I plan to put them in a holding tank first for a period of 1 month before adding them into the main tank. Now I would like the little guys to feel welcome in the new environment & hence I am thinking of planting up my 5.5 US gallon with some anubias & maybe some crypts to make them feel at home for the first one month. 

The problem is, we need to dose our plants at least once a week (the holding tank is going be a non co2 tank too). Now what happens when I dose it with KNO3 & KH2PO4? Won't the otos be stressed on dosing day? This new holding tank will be started from scratch with no mature filter, Just some plain 2-3mm sized inert gravel with a Hang on back filter.

Is it worth all the trouble or should I just put in some plastic plants   and  keep the otos there for a month? My main purpose is to nicely fatten up the little fellas with daily fresh veggies , keep the water clean by doing daily 30% water change. The plants would be a bonus. If it's going to be too much of a bother to keep both of them simultaneously in the holding tank during the initial transition period for the otos, I would gladly give up on the idea of having real plants in my holding tank.  

As always, your thoughts are most valuable.


----------



## Tom (4 Mar 2012)

The dosing won't affect the Otos. You might be better off adding them straight to the planted tank, especially if the holding tank isn't mature. If they can survive flying from the far east and ending up in shop systems (rarely pristine water), they shouldn't be too fazed by going into your tank. The bigger problem seems to be getting ones that are eating properly at the shop. Make sure any ones you get are nice and fat and have been in the shop for a little while. 

When you say your plated tank is new - how new is it?


----------



## faizal (4 Mar 2012)

Hi Tom!! Thanks for that.   My non co2 tank is just into its Day 12 of Life. It's got aqua soil + mixed with caco3 powder as the base substrate over that is a plastic mesh ( like Troi suggests) and capped with a layer of inert 2-3mm sized gravel.


----------



## Tom (4 Mar 2012)

Is that ADA aquasoil or just aquatic soil?


----------



## faizal (4 Mar 2012)

50% ADA aqua soil amazonia from my old high tech test tank that I ran for about 3 months mixed with 50% fresh ADA aqua soil africana mixed with a handful of caco3 powder.

Why do you ask Tom?


----------



## Tom (4 Mar 2012)

Why did you cap it?


----------



## faizal (4 Mar 2012)

ERRrrrrr,...    because I really liked the light coloured sand like gravel as compared to the dark coloured ADA aqua soil. The guy who sold me the stuff was wondering the same thing. I thought it would make a nice contrast to the final layout.


----------



## Tom (4 Mar 2012)

OK fair enough. In terms of the Otos then, I would wait until you start getting some algae before adding them, but otherwise just add them straight to the tank.


----------



## faizal (4 Mar 2012)

Thanks Tom.


----------



## bigmel (4 Mar 2012)

My 2 pence worth ..  

I,ve got 6 ottos and 15 RCS , i didn,t even float the bag , i just poped them straight in and they started rasping on the algae covered wood straight away and 4 weeks later they are still here and looking fatter   

One of the shrimps went on the floor straight away and legged it with a piece of flake , i always feed my fish just as i put new additions in so they don,t dash over to them . 

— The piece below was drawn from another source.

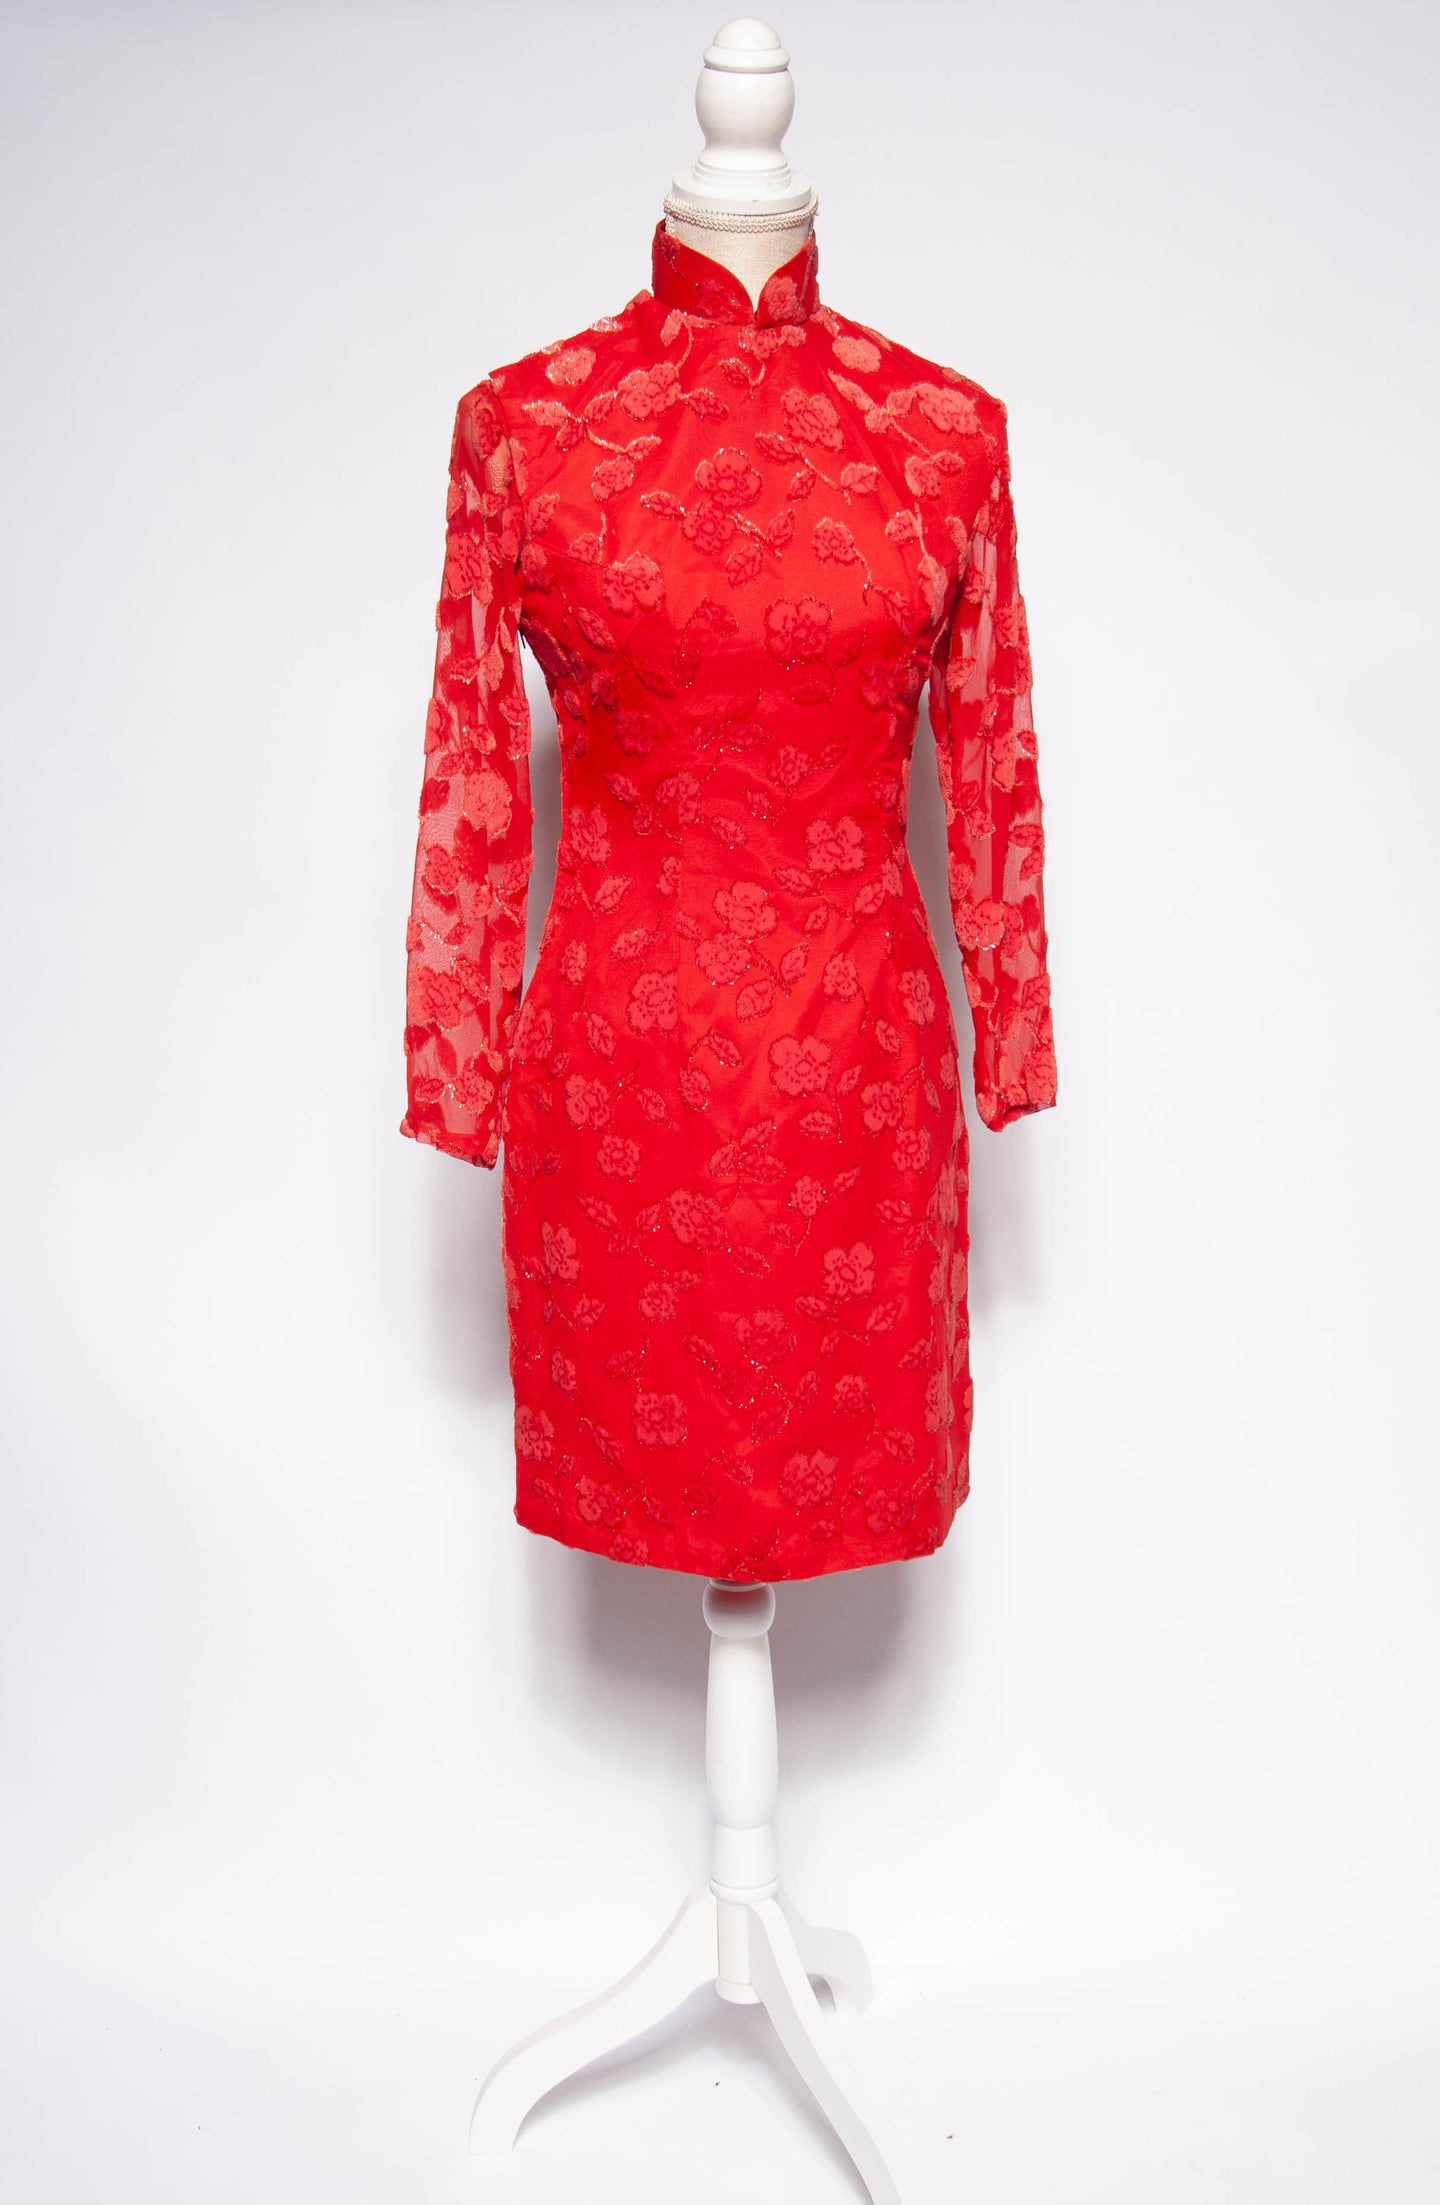 VINTAGE 1960S RED SILK LONGSLEEVE CHEONGSAM STYLE DRESS

I did get them from a decent dealer and they were eating in the tank when i bought them so Tom is spot on imho in his post .

There great little characters !


----------



## faizal (6 Mar 2012)

Your 2  pence is worth a lot more to me   



			
				bigmel said:
			
		

> ......, i always feed my fish just as i put new additions in so they don,t dash over to them .


See what I mean,...now I would never have had thought of that.


----------



## Greg's Pea (9 Mar 2012)

Hey,

I've never had a problem keeping otos alive and agree that it's probably unhealthy stock to begin with that would cause any problem. In my experience they go nuts for diatoms and soft green algae. You could put a few stones in a bowl on a windowsill to build up some diatom growth and then put them in the tank for when the otos go in? Mine also enjoy a bit of softened courgette.


----------